6:46 am on 16 March 2017

Wellington people are being told getting to know their neighbours is the best way to ensure they can cope with a major disaster.

Locals watch one of the fires on the Port Hills.

Neighbours watch this year's Port Hills fires in Christchurch together. Wellingtonians are being urged to get to know their neighbours as a resilience strategy. Photo: Christchurch City Council

The capital has just published a 115-page Wellington Resilience Strategy for dealing with future shocks and stresses.

Wellington City Council chief resilience officer Mike Mendonca said the strategy would help the city grow stronger and smarter in dealing with shocks and stresses.

"When people ask me for one piece of resilience advice I always say get to know your neighbour," he said.

"There's scientific evidence that shows that when something bad happens it's your neighbour who saves your life in the first hour, and looks after you when there's a bit of a stress."

Wellington mayor Justin Lester said the capital simply had to be prepared.

"We're the capital of many things... We're the capital of football and perhaps most importantly the capital of craft beer.

"But we're also the capital of potential natural disaster," he said.

Wellington is one of 100 cities around the world trying to figure how to become more resilient - Christchurch is another.

Andrew Salkin, the chief operating officer of the Rockefeller Foundation's resilient cities programme, said cities faced multitudes of major difficulties.

"A city is a really complex place with multiple levels of leadership and different types of citizens, and it's the ability of those folks to come together that will really help dictate and help ensure that city becomes what it can and should be."

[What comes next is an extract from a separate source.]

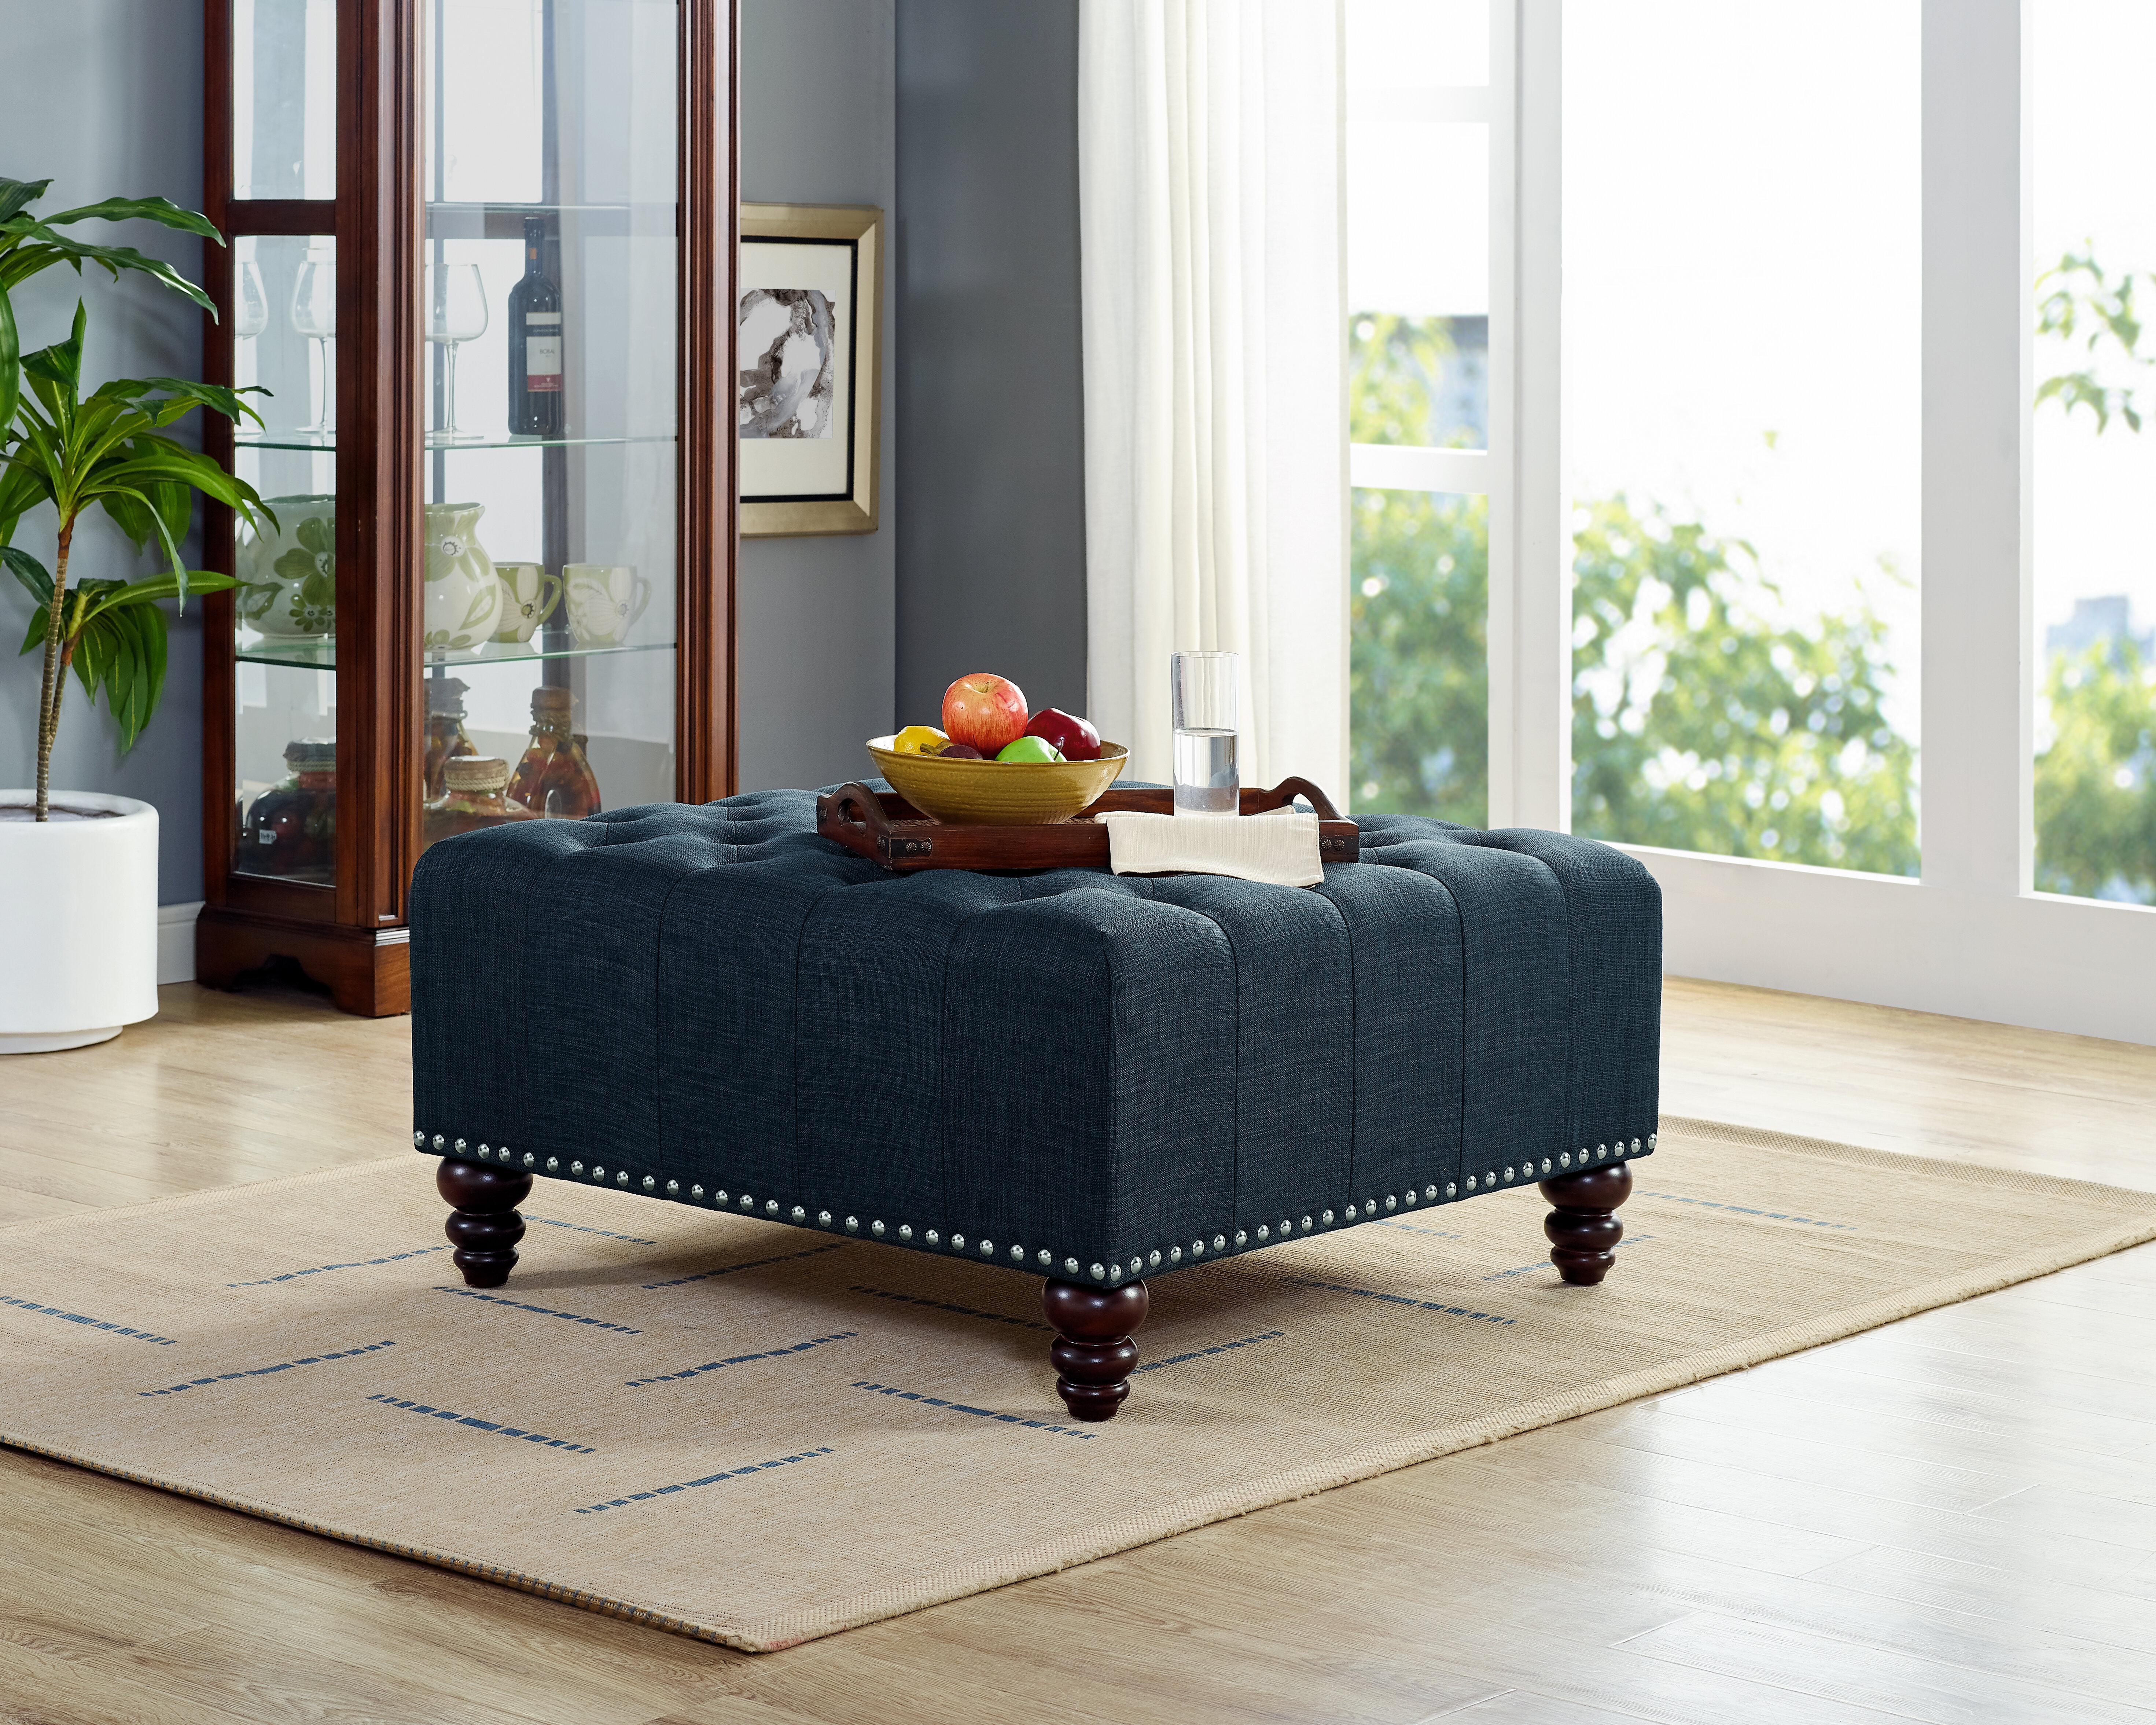 Fabulous Camarena Tufted Cocktail Ottoman Ibusinesslaw Wood Chair Design Ideas Ibusinesslaworg

The strategy was not just about making the city better able to survive disasters, but to make it a better place to live every day, Mr Salkin said.

Prime Minister Bill English said the strategy was a good example of what the country needed to be thinking about.

"We're a country that's had our resilience tested in very substantial and unexpected ways," he said.

"The consequences of those tests to our physical infrastructure are ongoing, large-scale and quite testing."

Yesterday Mr Lester, along with other mayors from the Wellington region, met government ministers to talk about funding for new, more resilient water infrastructure projects.

Those projects included a new water reservoir at Prince of Wales Park and a cross-harbour pipeline, Mr Lester said.